══ Supplied entries ══
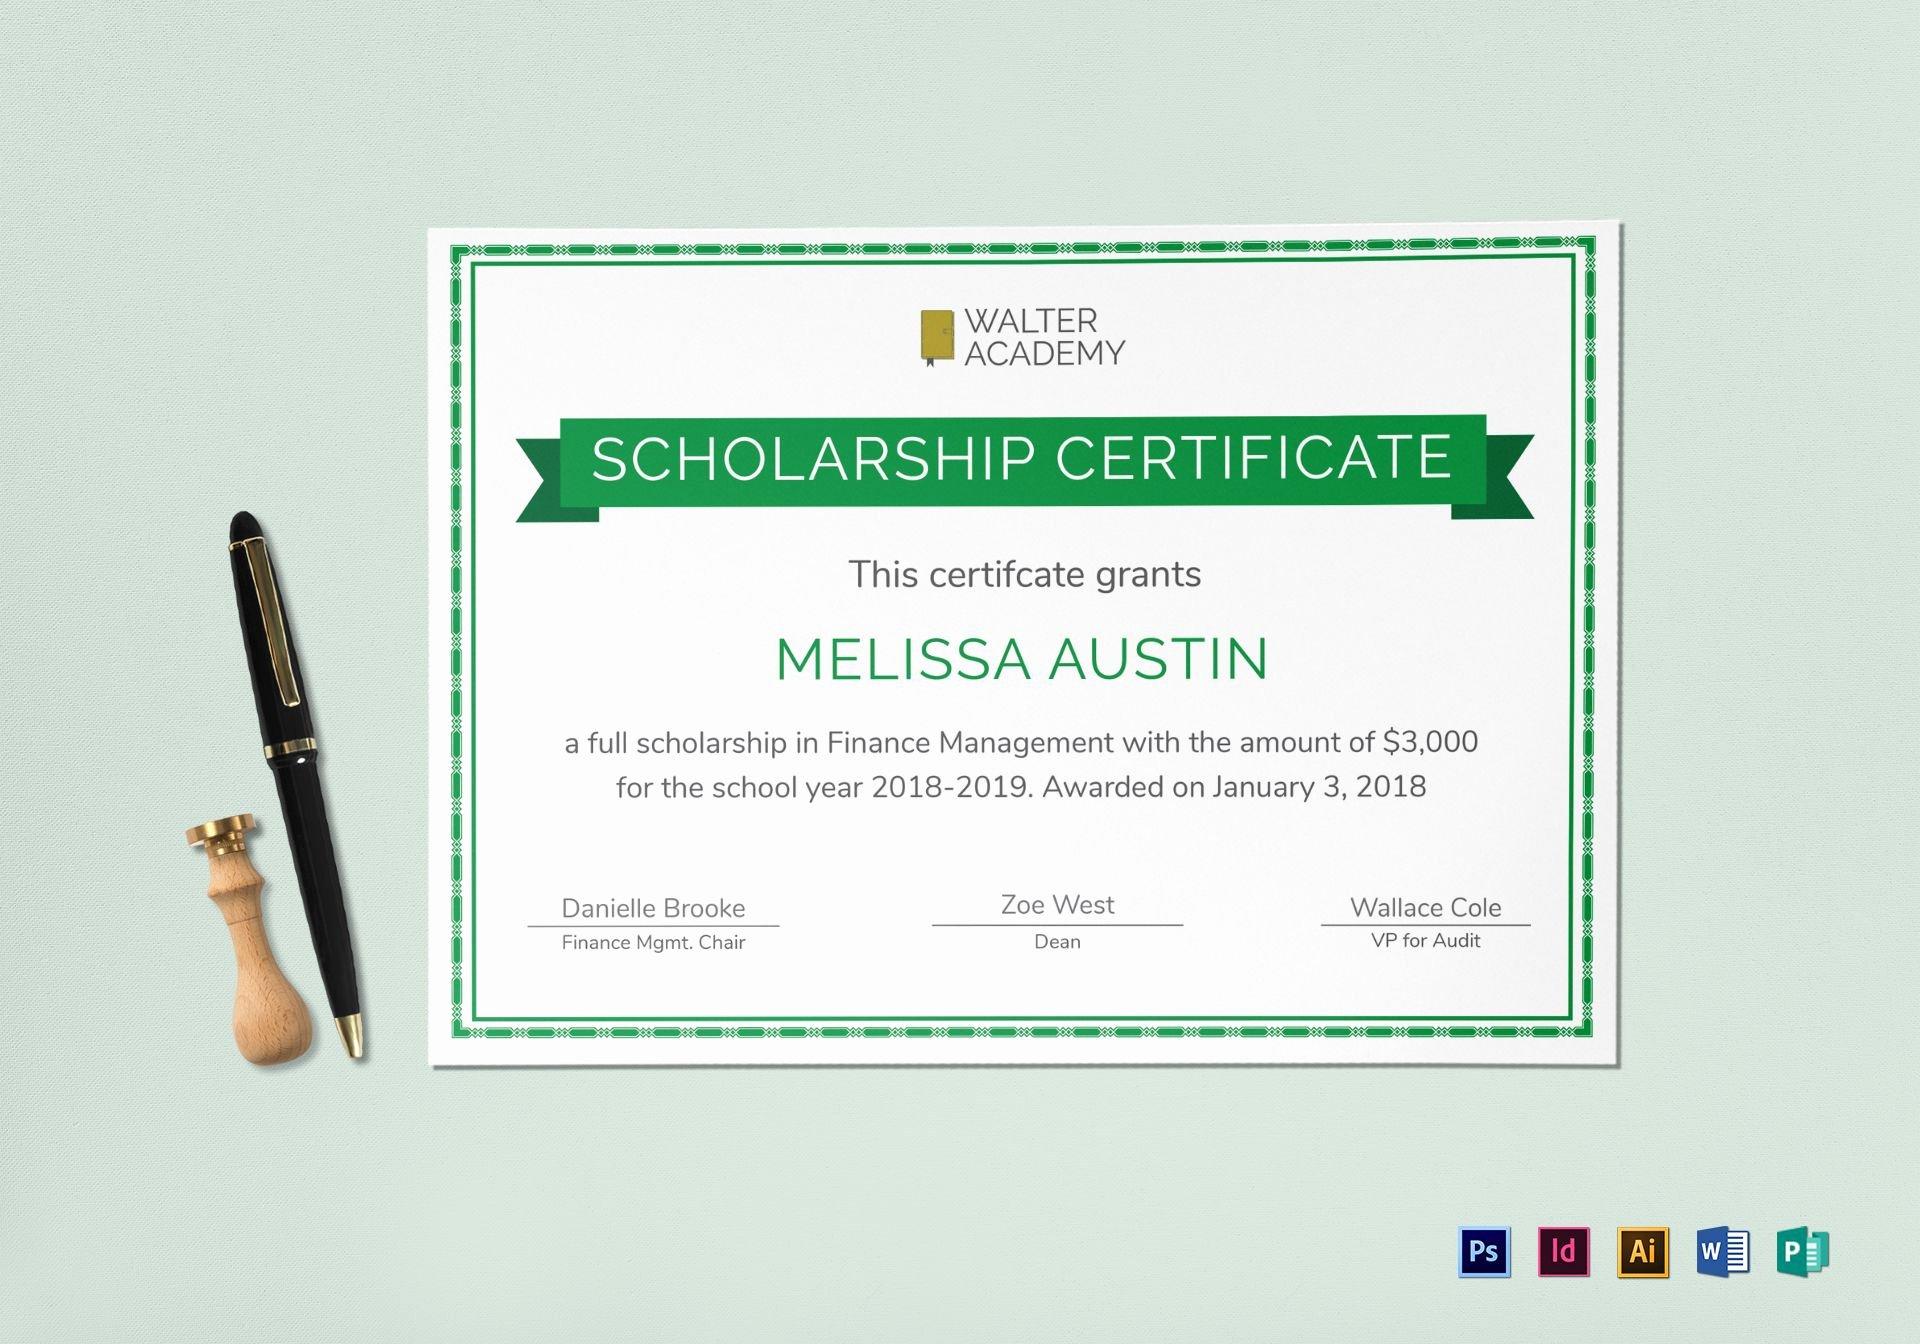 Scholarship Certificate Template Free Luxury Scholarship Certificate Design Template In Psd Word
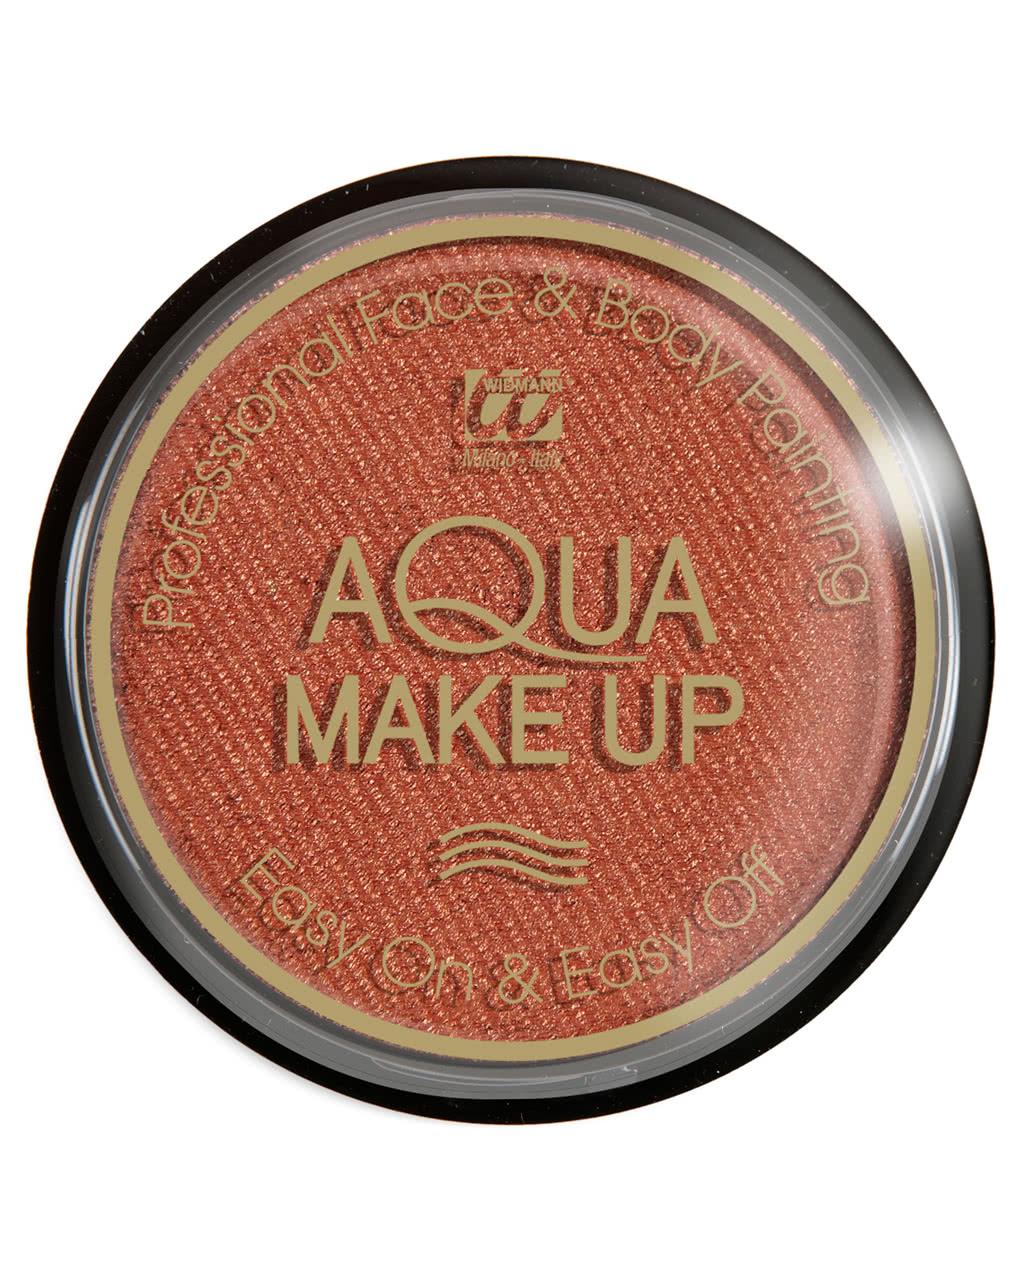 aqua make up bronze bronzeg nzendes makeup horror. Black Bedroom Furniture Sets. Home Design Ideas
═══
══ Supplied entries ══
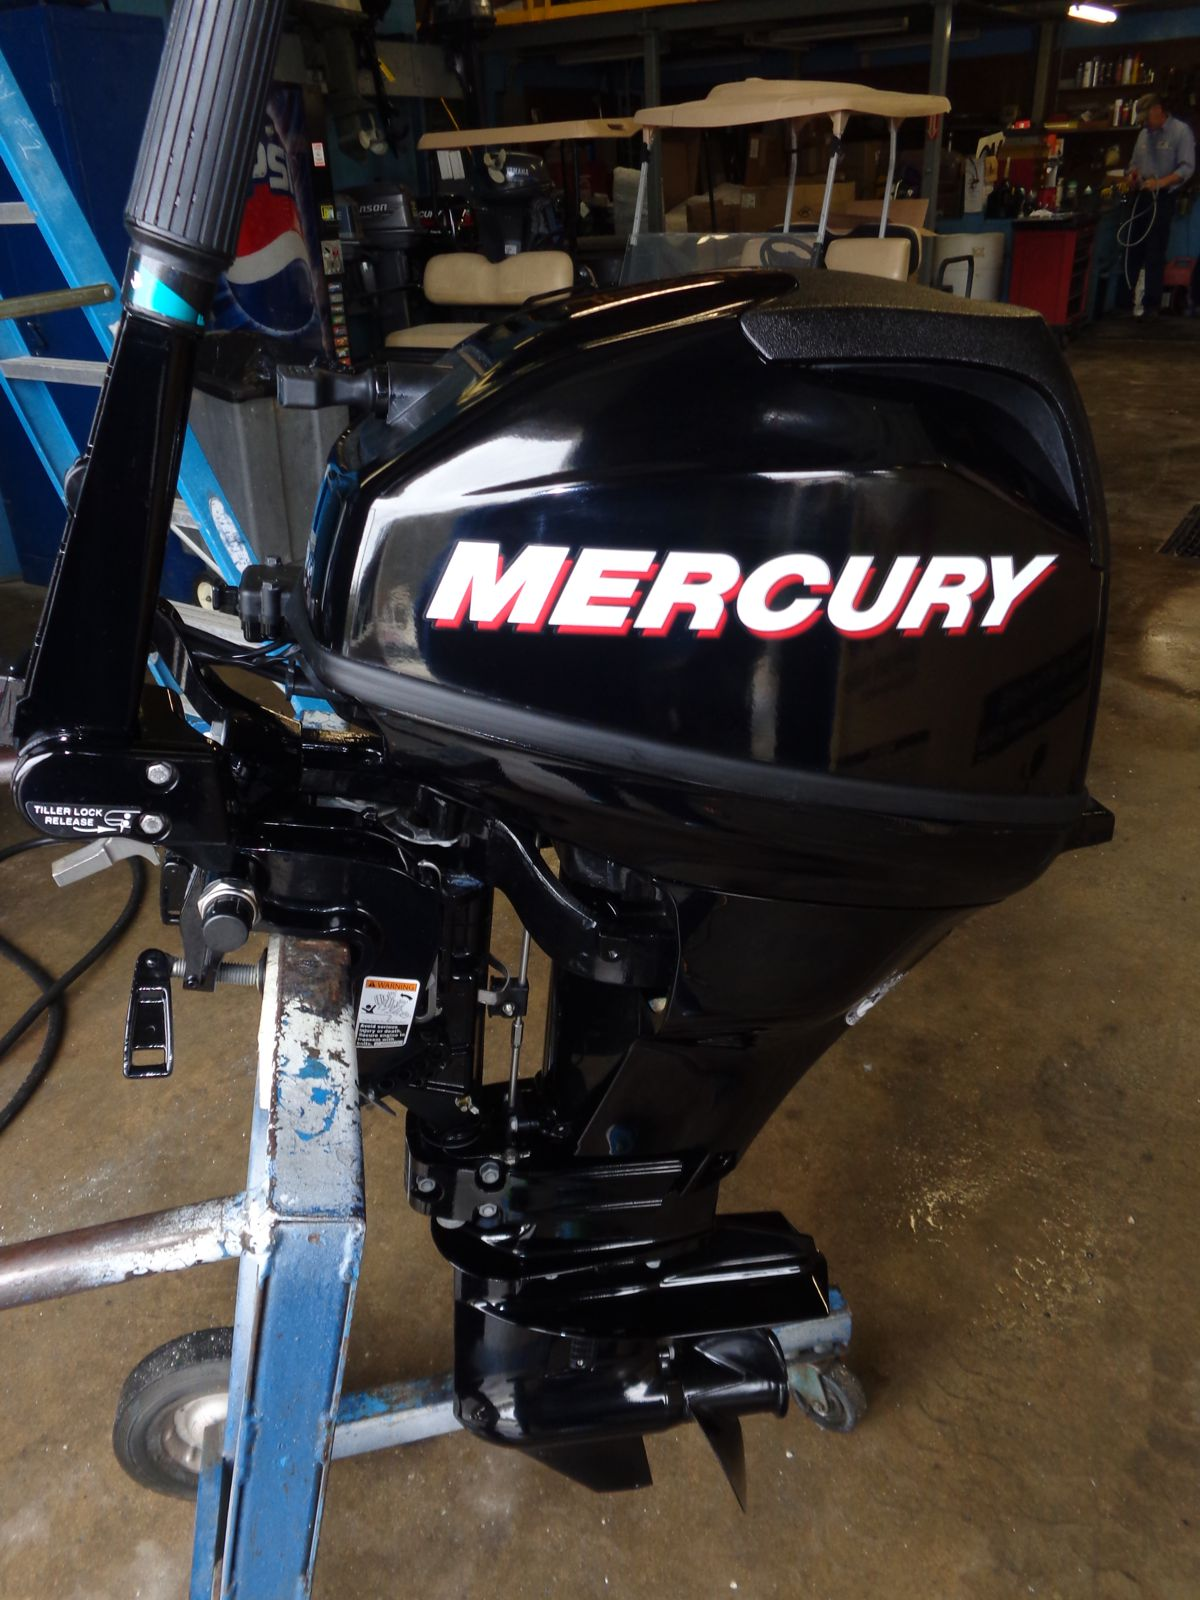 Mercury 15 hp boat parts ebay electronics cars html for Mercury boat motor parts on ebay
═══
══ Supplied entries ══
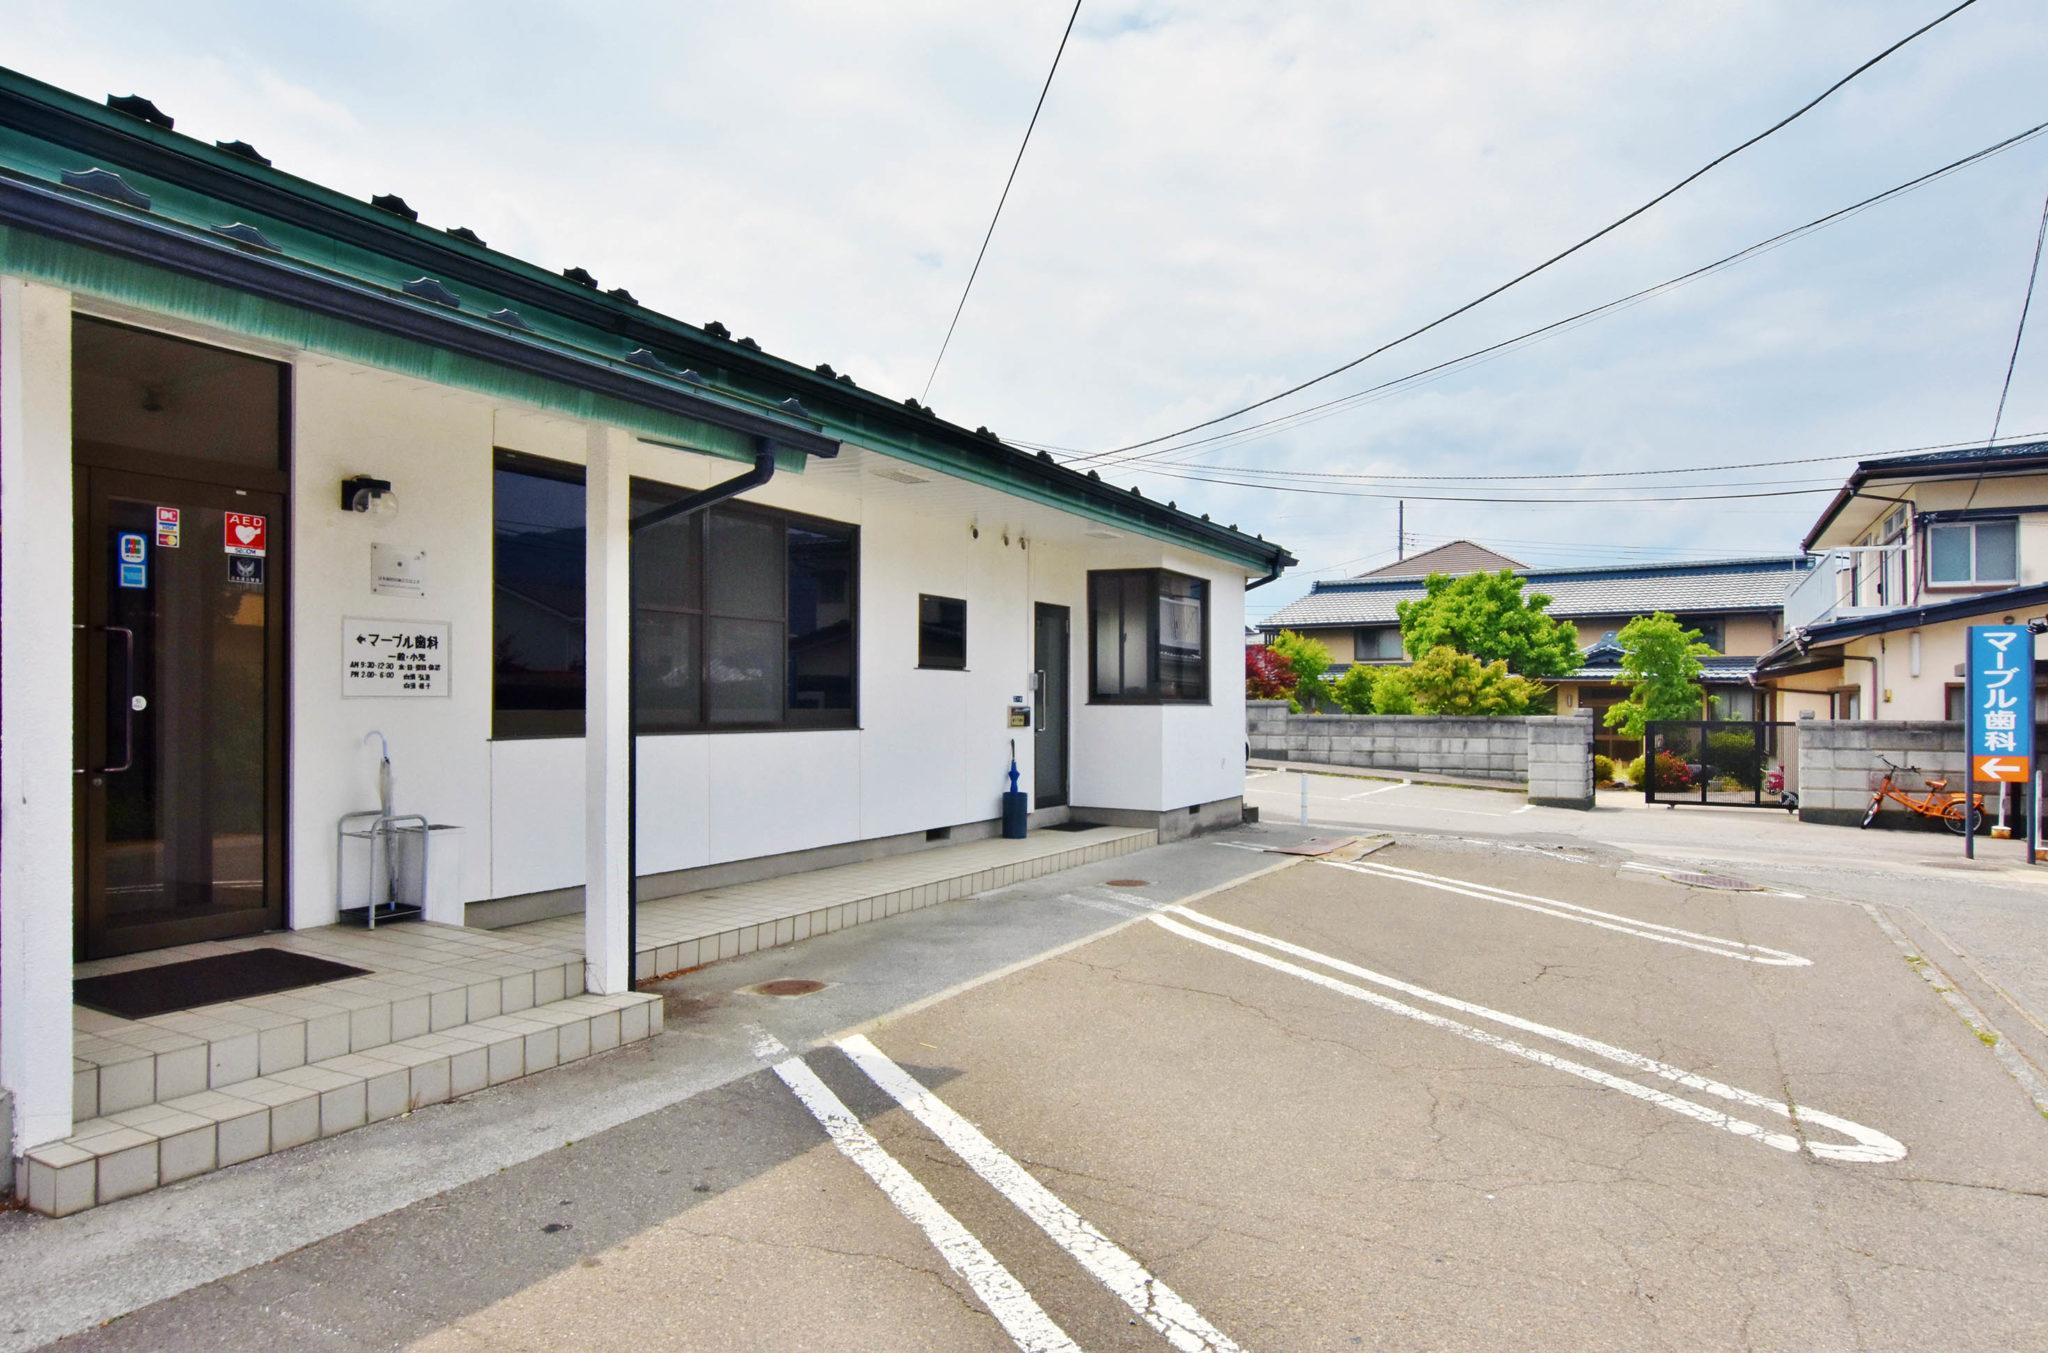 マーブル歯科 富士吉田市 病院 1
═══
# [What you need to do]
With the pictures removed, print only the lines starting at the line that has "Scholarship Certificate Template" and ending at the line that has "aqua make up", both ends included, exactly as they stand above.

# [Result of the exercise]
 Scholarship Certificate Template Free Luxury Scholarship Certificate Design Template In Psd Word
 aqua make up bronze bronzeg nzendes makeup horror. Black Bedroom Furniture Sets. Home Design Ideas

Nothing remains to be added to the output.